:: Data ::
*** Block opens ***
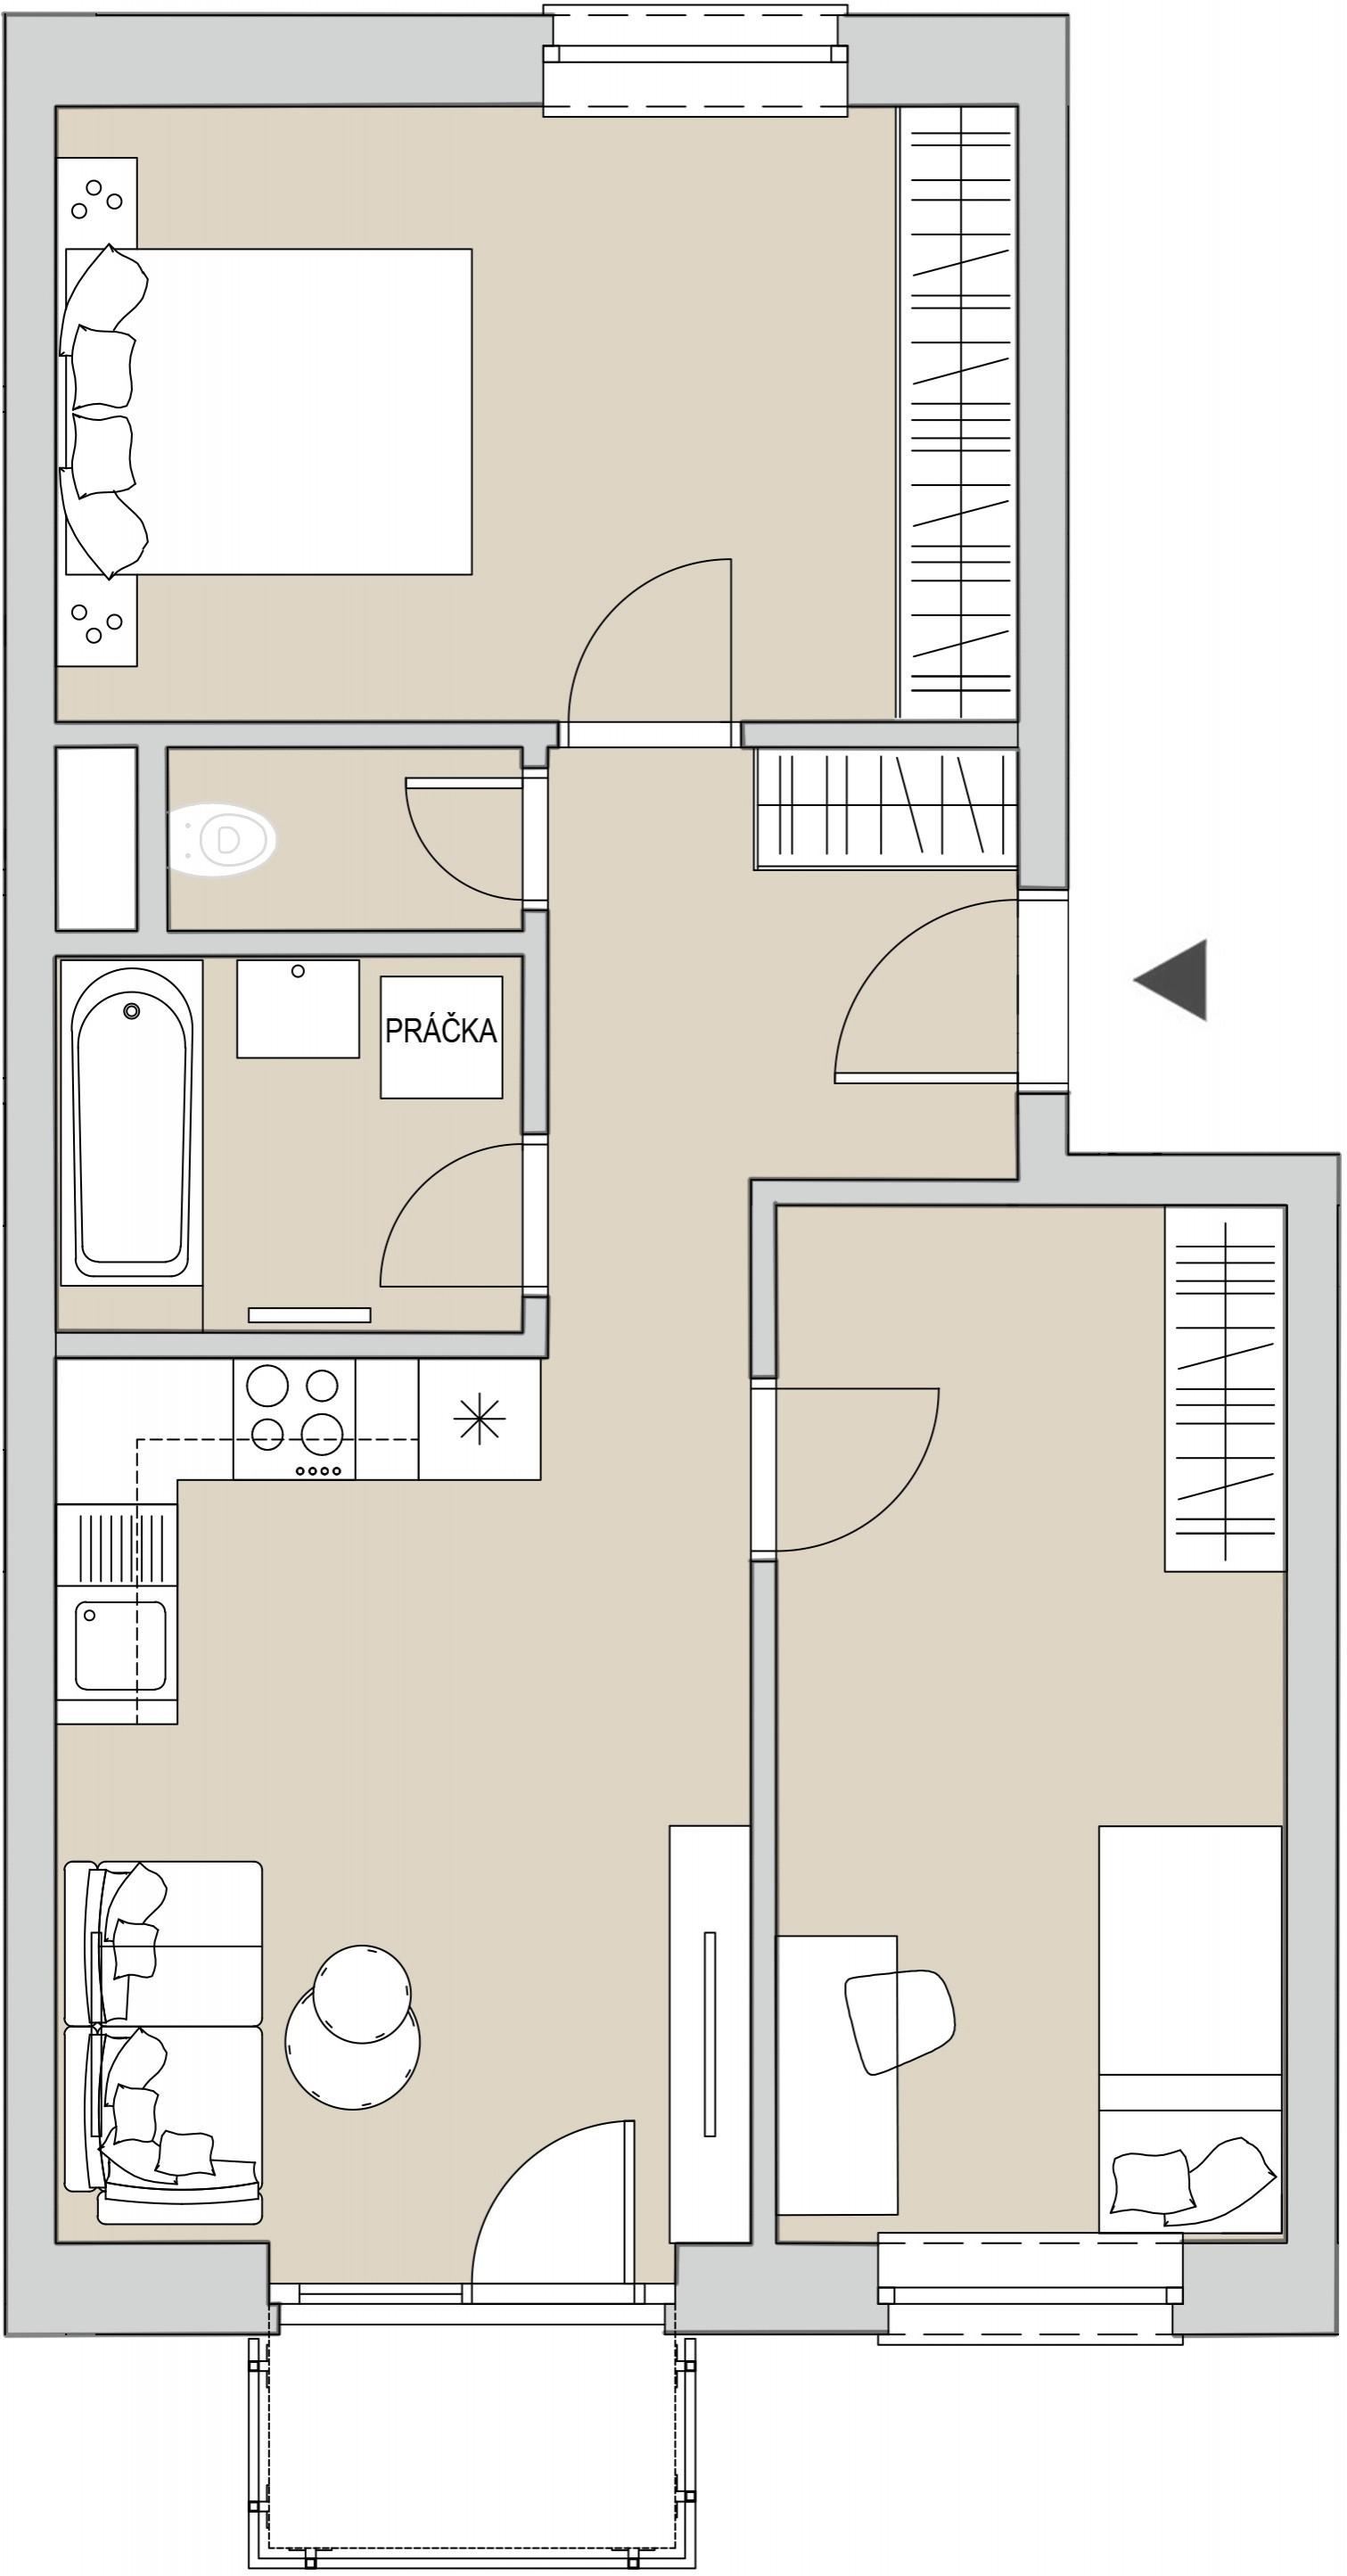 Pôdory bytu - 303 - varianta 3 - izbový
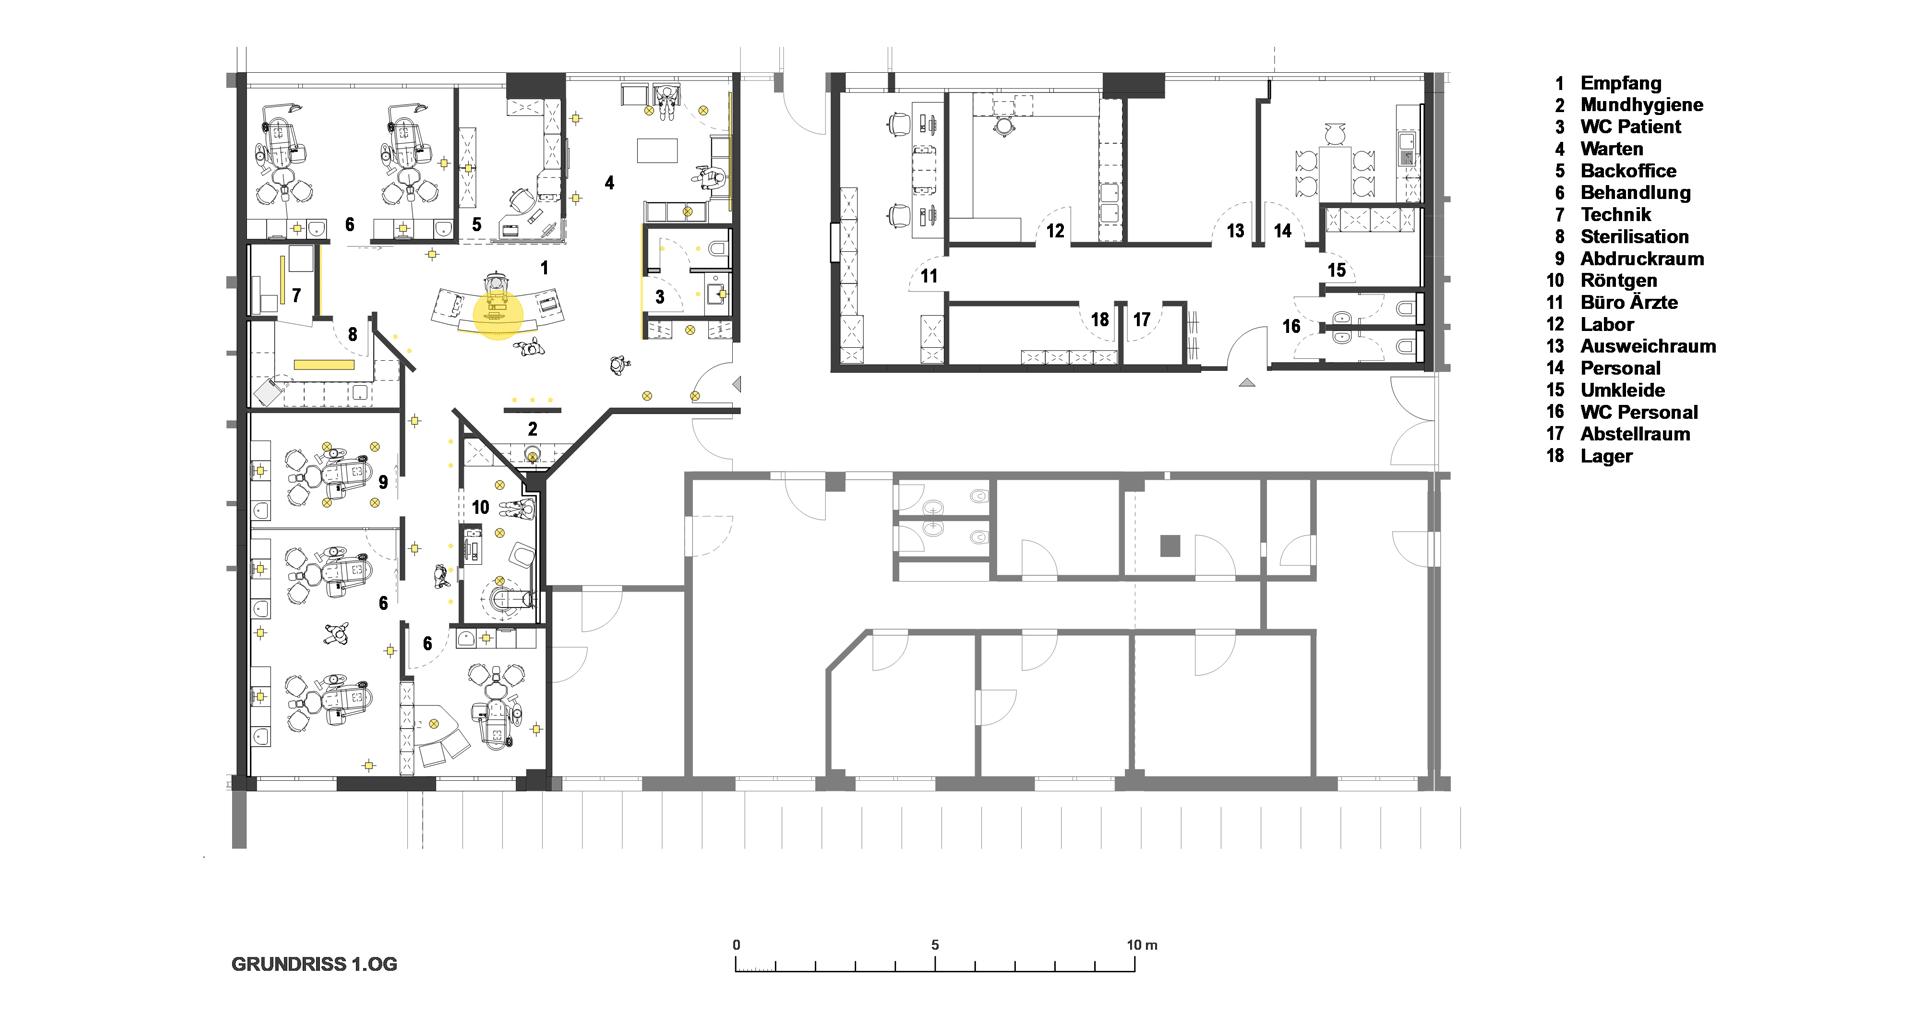 Kieferorthopädie Praxis in Fürstenfeldbruck / Grundriss
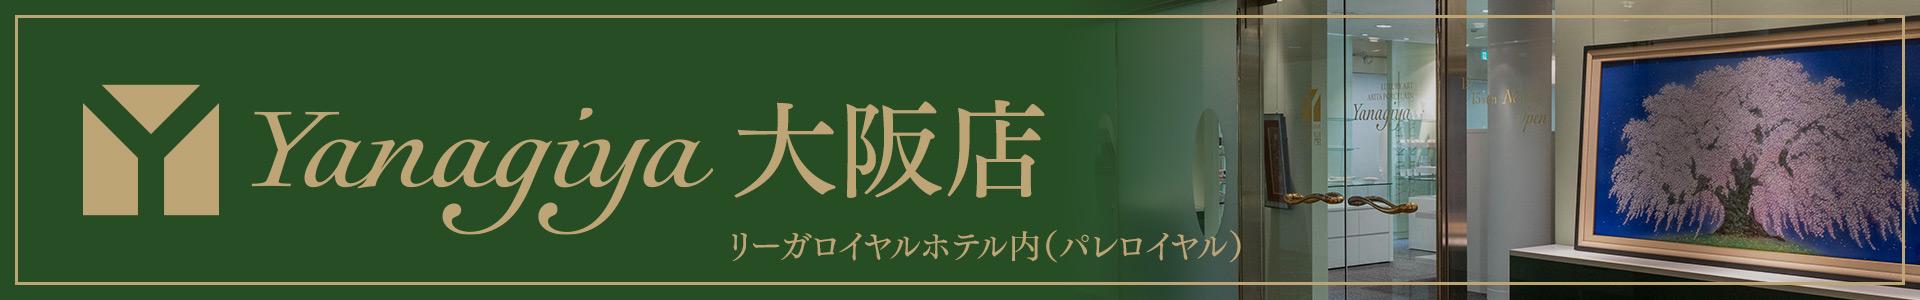 柳屋 リーガロイヤルホテル大阪 パレロイヤル
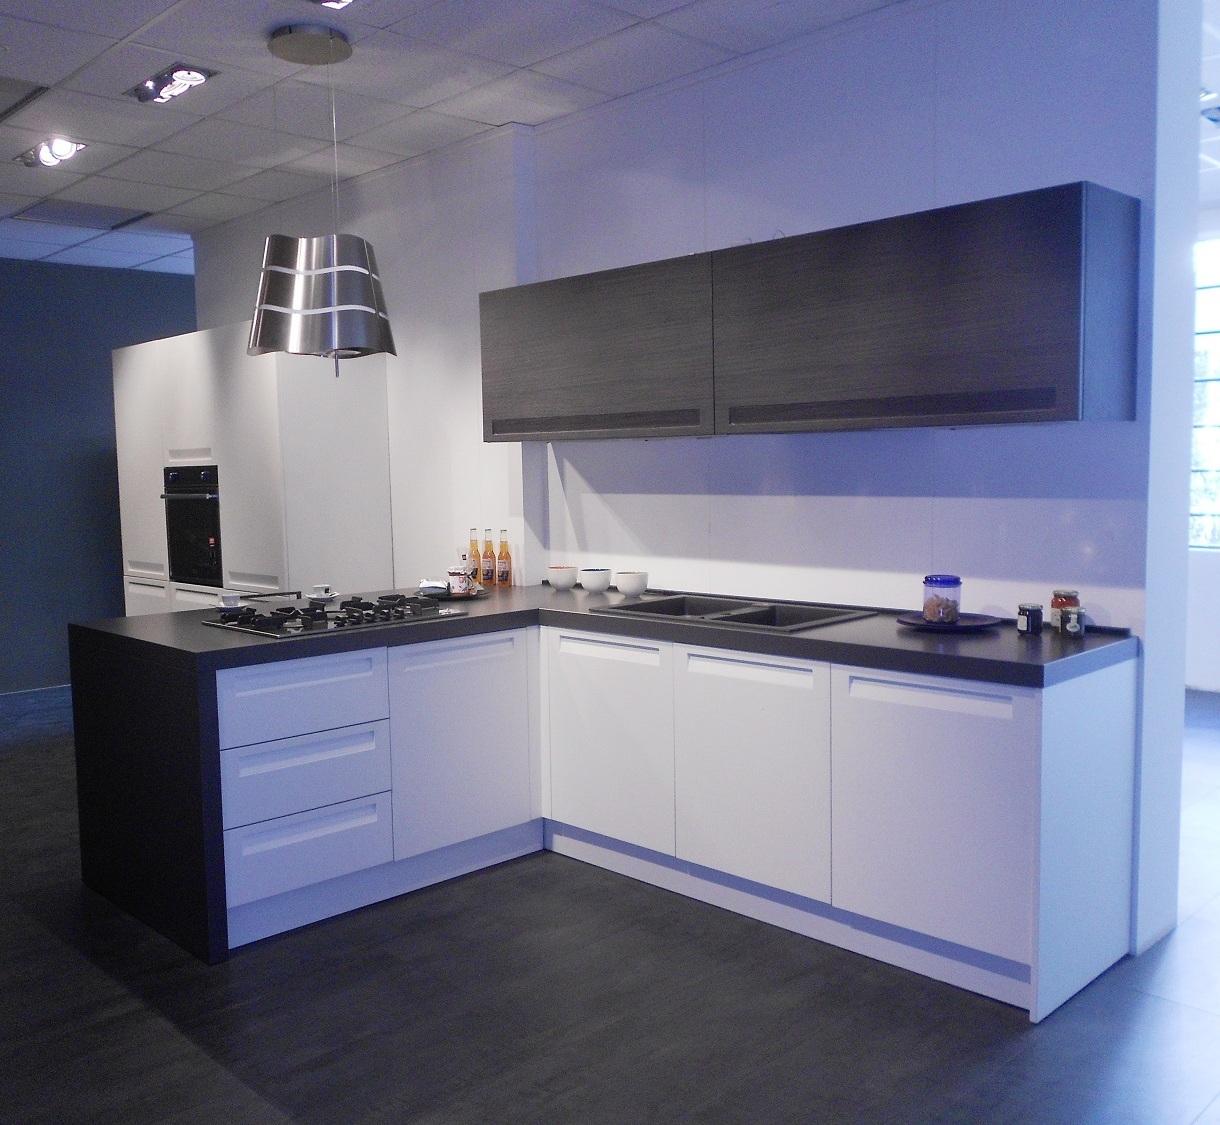 Cucina mod frida cesar cucine polimerico opaco scontata - Cucina bianco opaco ...
*** Block closes ***
:: Work item ::
Output the data above exactly, excluding images.

:: Output for this task ::
 Pôdory bytu - 303 - varianta 3 - izbový
 Kieferorthopädie Praxis in Fürstenfeldbruck / Grundriss
 柳屋 リーガロイヤルホテル大阪 パレロイヤル
 Cucina mod frida cesar cucine polimerico opaco scontata - Cucina bianco opaco ...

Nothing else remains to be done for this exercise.